“野菜ソムリエ上級プロ”で“果物ソムリエ”の堀基子さんが、旬の野菜と果物のおいしさを引き出す技を紹介する本連載。今回は、本州でも手に入りやすくなってきた注目の野菜「空芯菜」。にんにく炒めだけじゃないおいしい食べ方や、再生栽培(リボベジ)の方法もお伝えします。
文・写真=堀基子
本州でも増えてきた空芯菜
初夏の気配を感じる今日この頃。夏本番に向けて気温が上がり、今年も猛暑が続けば、野菜が品薄になる心配も。そんなときでも元気に育ってくれるのが、南国野菜の空芯菜です。

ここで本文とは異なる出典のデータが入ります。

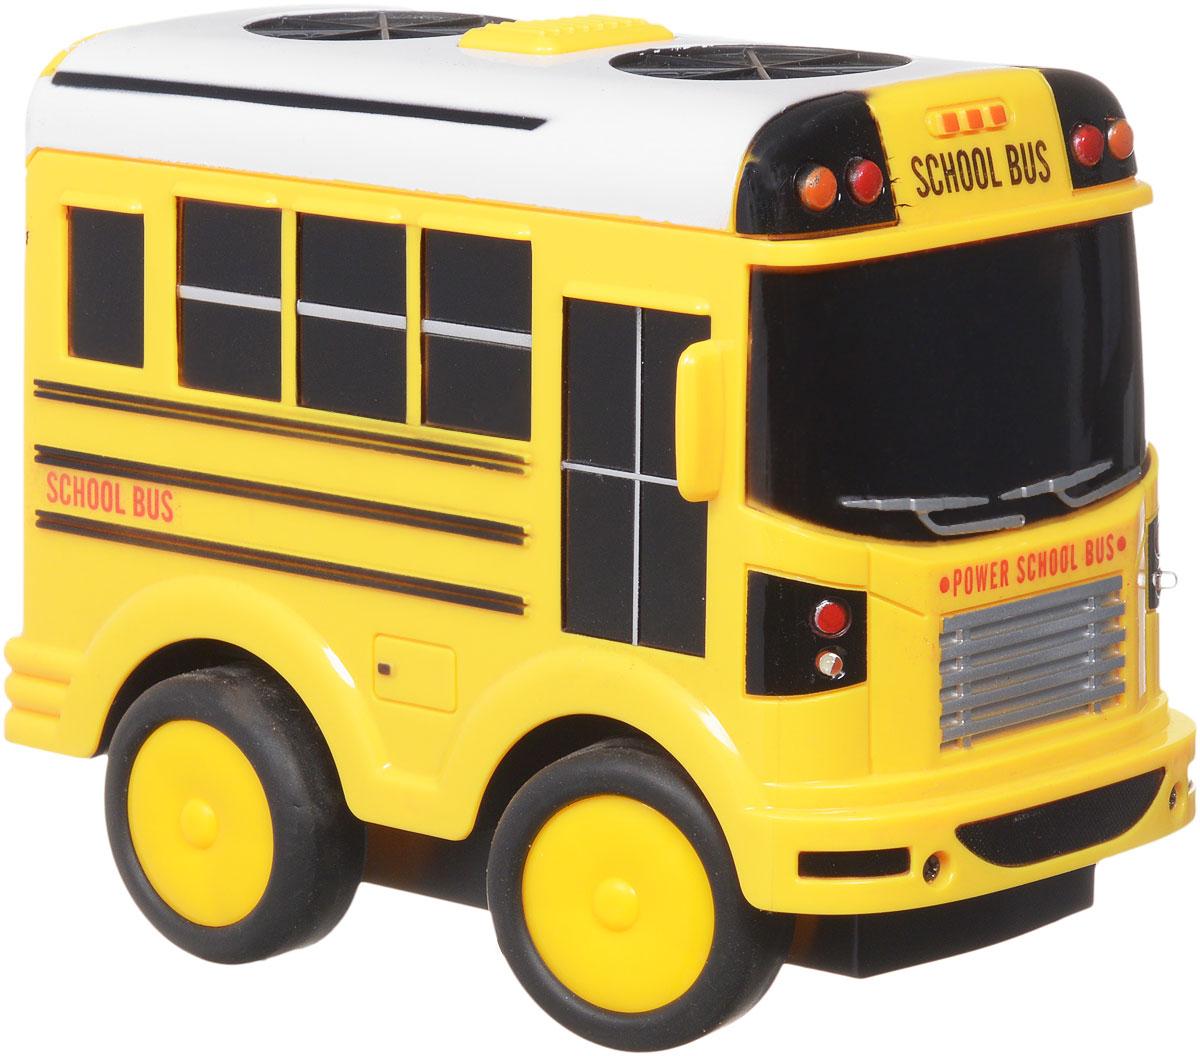 """Школьный автобус на радиоуправлении """"Zhorya"""" станет отличным подарком для вашего ребенка! Игрушка представляет собой радиоуправляемый автобус, который оснащен 2-канальным управлением, а так же световыми и звуковыми эффектами. Модель может ездить во всех направлениях. Управление осуществляется с небольшого дистанционного пульта. Для работы игрушки необходим сменный аккумулятор (входит в комплект). Для работы пульта управления необходима 1 батарейка 9Vтипа """"Крона"""" (товар комплектуется демонстрационной)."""

かつては中華料理店やベトナム料理店などでしか目にしませんでしたが、近年は直売所やスーパーなどでもよく見かけます。
その背景には、増えている夏の猛暑があげられそうです。空芯菜は熱帯アジア原産地で、高温多湿を好むため、私が暮らす亜熱帯の沖縄では昔から栽培されていて、伝統的な島野菜の一つにも数えられてきました。
しかし近年、夏場の高温化が続き、本州でも栽培を手がける農家さんが増えてきたのです。暑さが苦手な他の葉野菜と異なり、空芯菜には蒸し暑い日本の夏が心地いいのかもしれませんね。
栄養豊富で離乳食にも
さて、東京出身の私が驚いたのは、沖縄での空芯菜の使い道でした。25年ほど前、離乳食の勉強会に参加した際、なんと空芯菜が使われていたのです。
「空芯菜=にんにく炒め」と思っていた私には衝撃的でした。柔らかな葉はアクが少なく、しかも栄養豊富なので、離乳食に適しているのです。